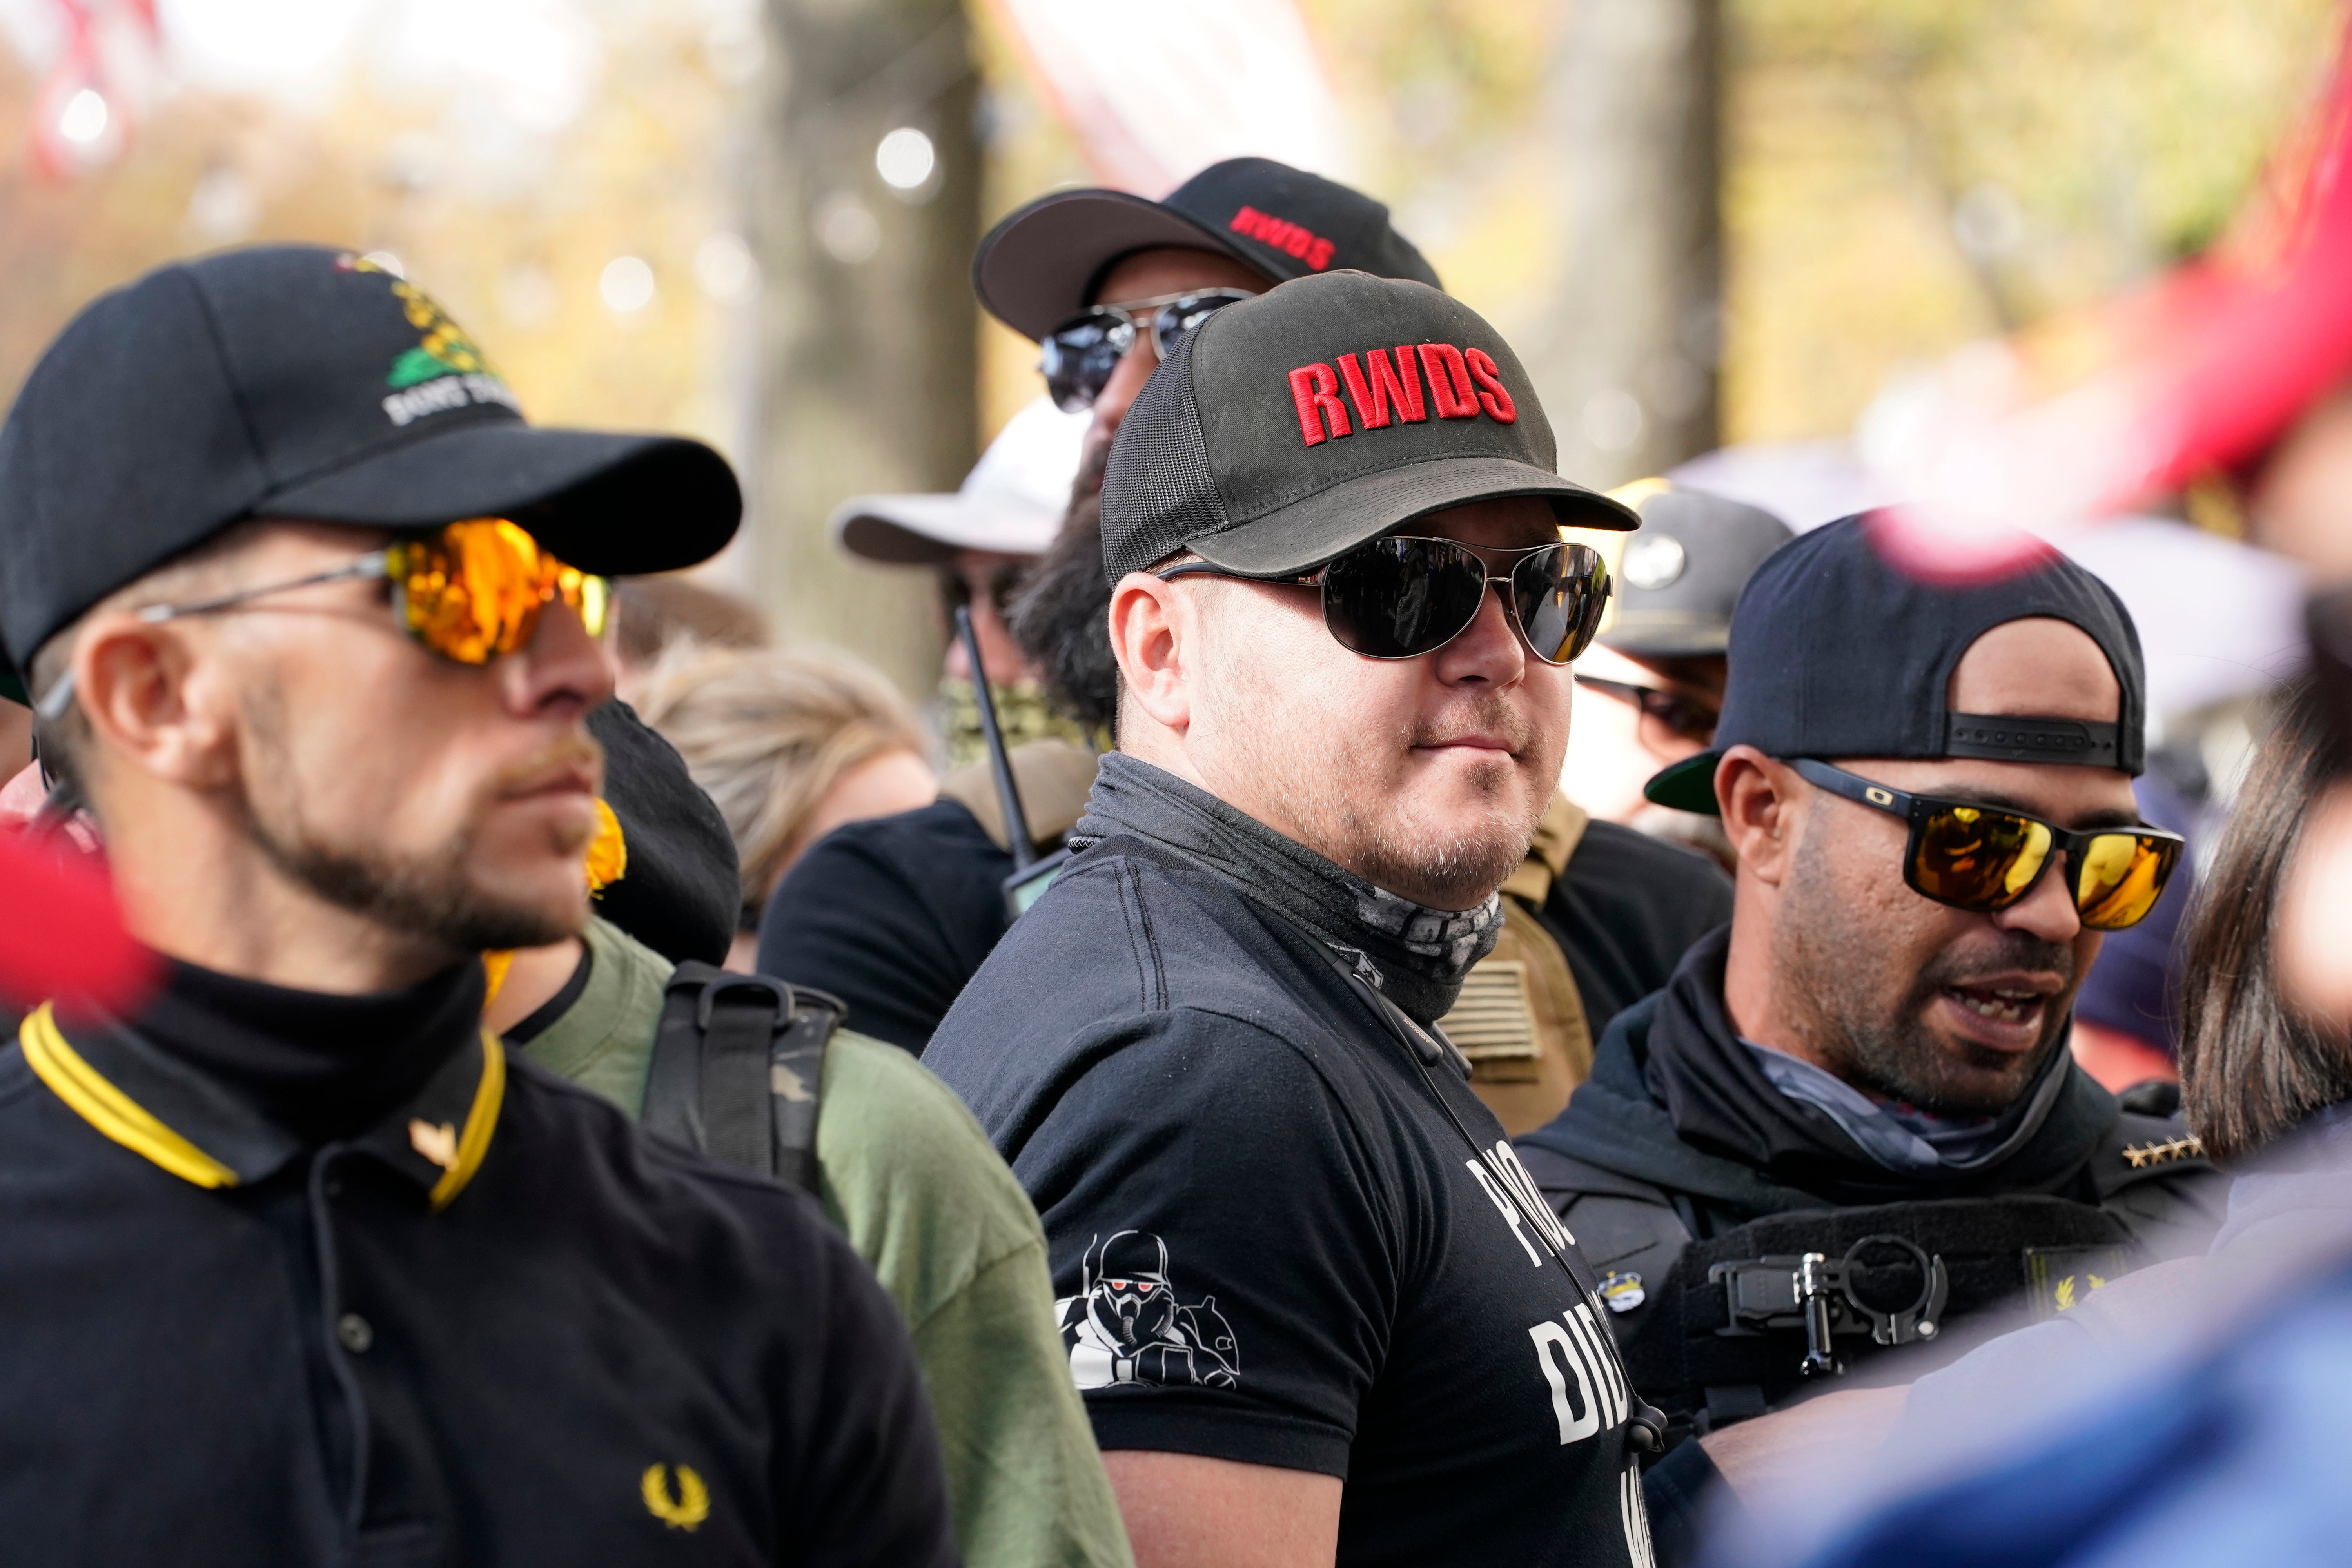 Members of the Proud Boys are photographed with “RWDS” on their hats in 2020.
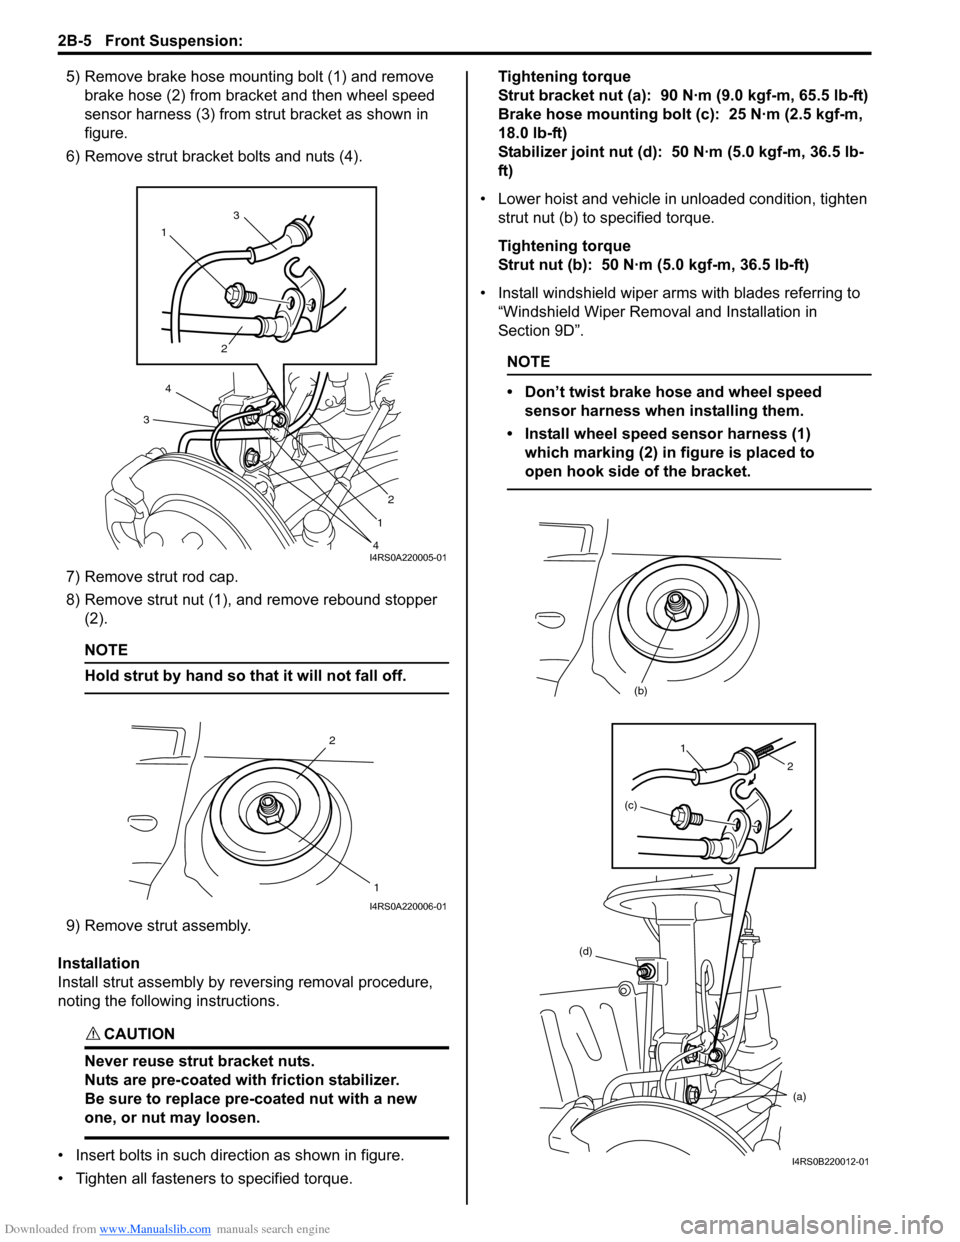 SUZUKI SWIFT 2007 2.G Service User Guide Downloaded from www.Manualslib.com manuals search engine 2B-5 Front Suspension: 
5) Remove brake hose mounting bolt (1) and remove brake hose (2) from bracket and then wheel speed 
sensor harness (3) 
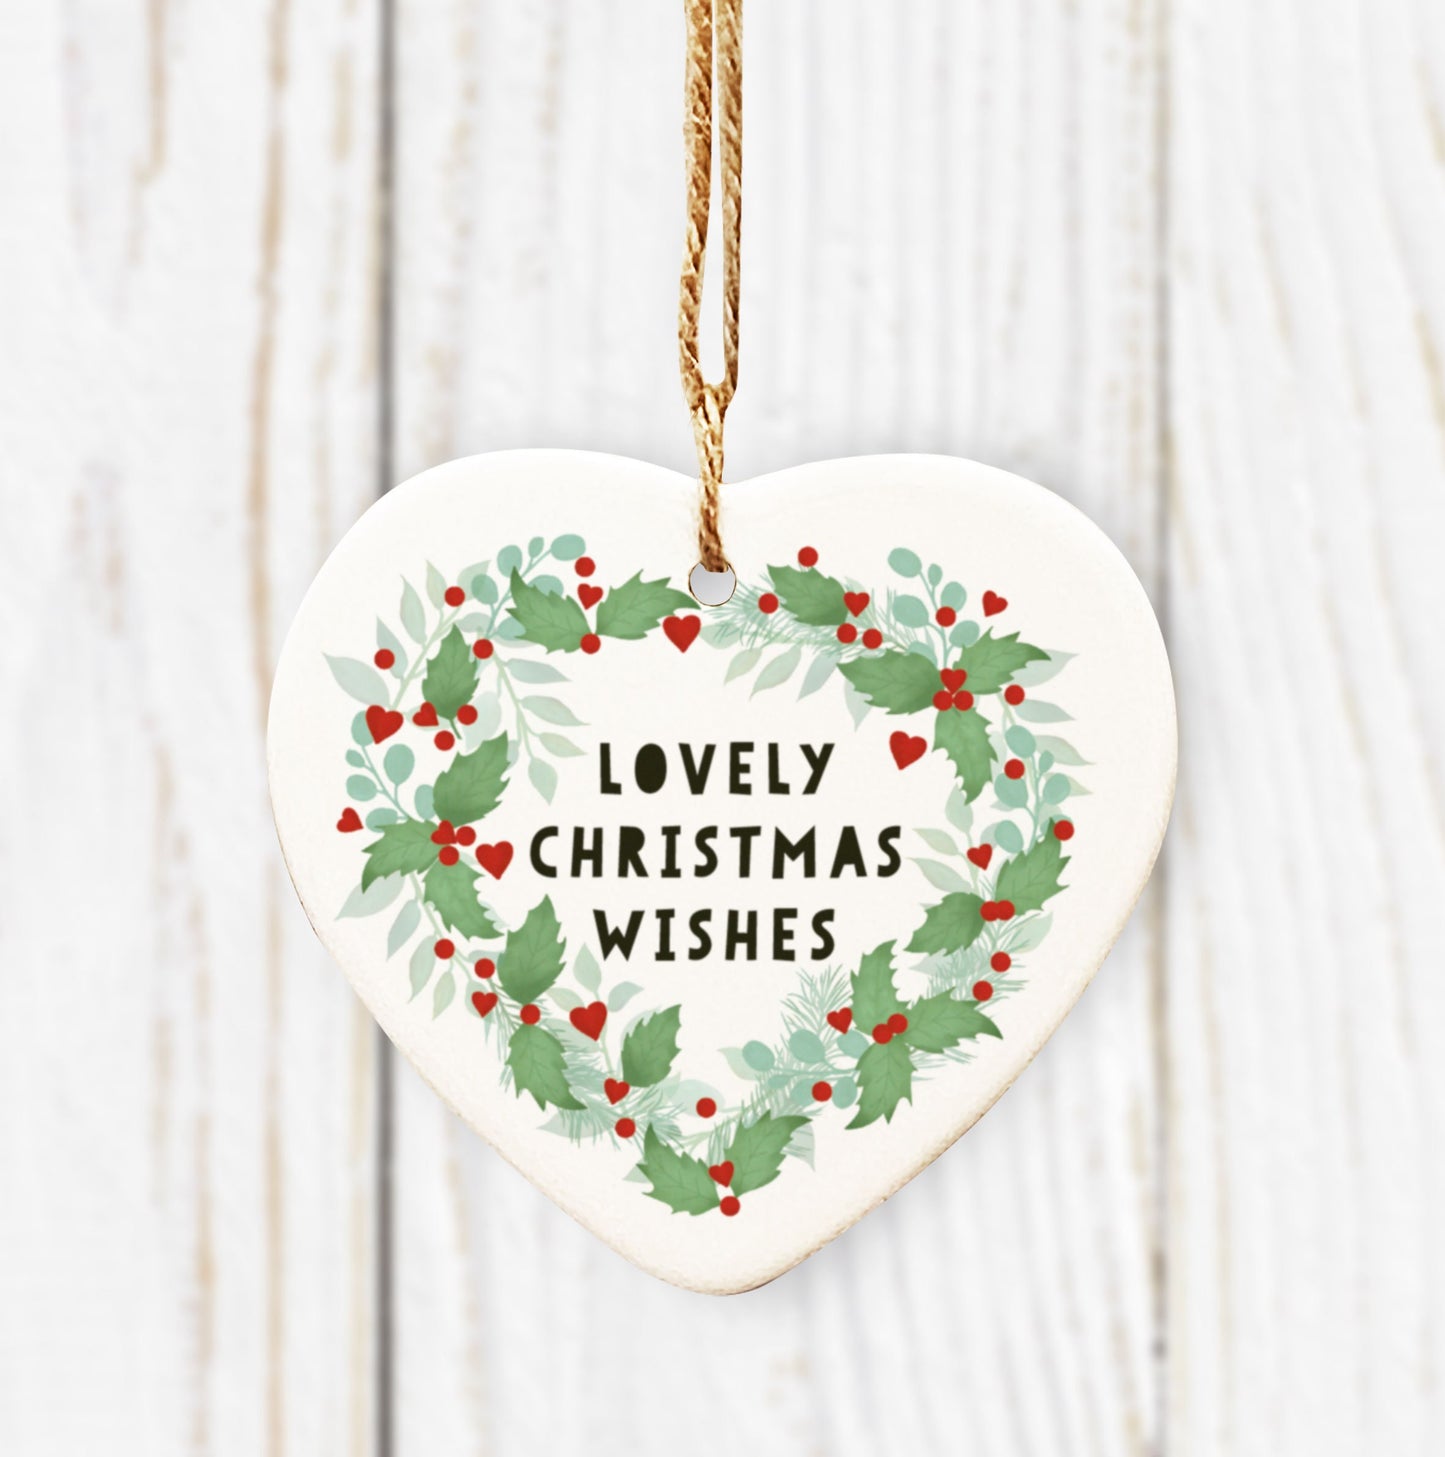 Lovely Christmas Wishes Heart Tree Decoration. Holly & Foliage Wreath Christmas Decoration. Pretty Christmas Dec .Personalised Tree Bauble
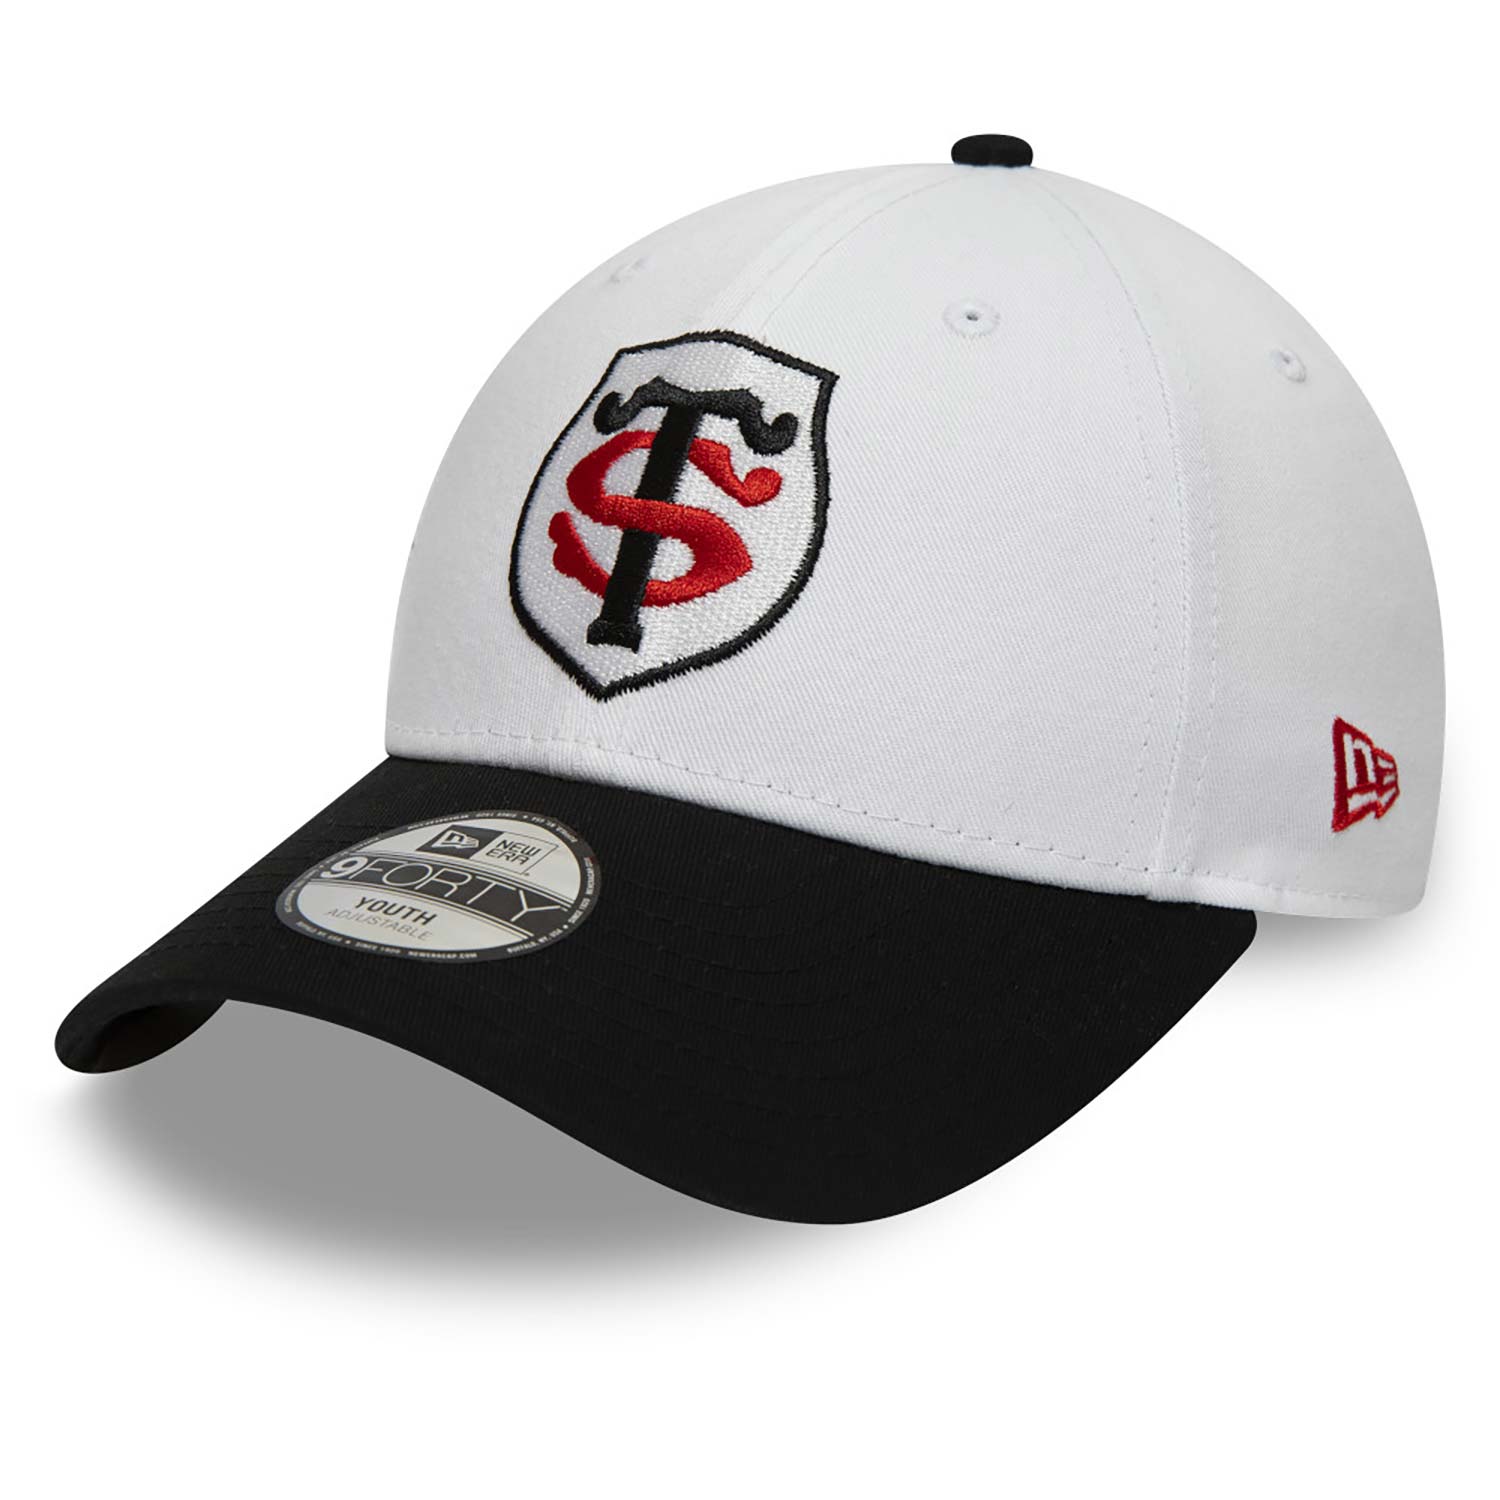 Stade Toulousain Two Tone White 9FORTY Youth Cap

● ● ● ● ● ● ●

**Exercise details**
Would you restate the listing word for word without its pictures?

**Answer box**
 Members of the Proud Boys are photographed with “RWDS” on their hats in 2020.
 SUZUKI SWIFT 2007 2.G Service User Guide Downloaded from www.Manualslib.com manuals search engine 2B-5 Front Suspension: 
5) Remove brake hose mounting bolt (1) and remove brake hose (2) from bracket and then wheel speed 
sensor harness (3) 
 Lovely Christmas Wishes Heart Tree Decoration. Holly & Foliage Wreath Christmas Decoration. Pretty Christmas Dec .Personalised Tree Bauble
 Stade Toulousain Two Tone White 9FORTY Youth Cap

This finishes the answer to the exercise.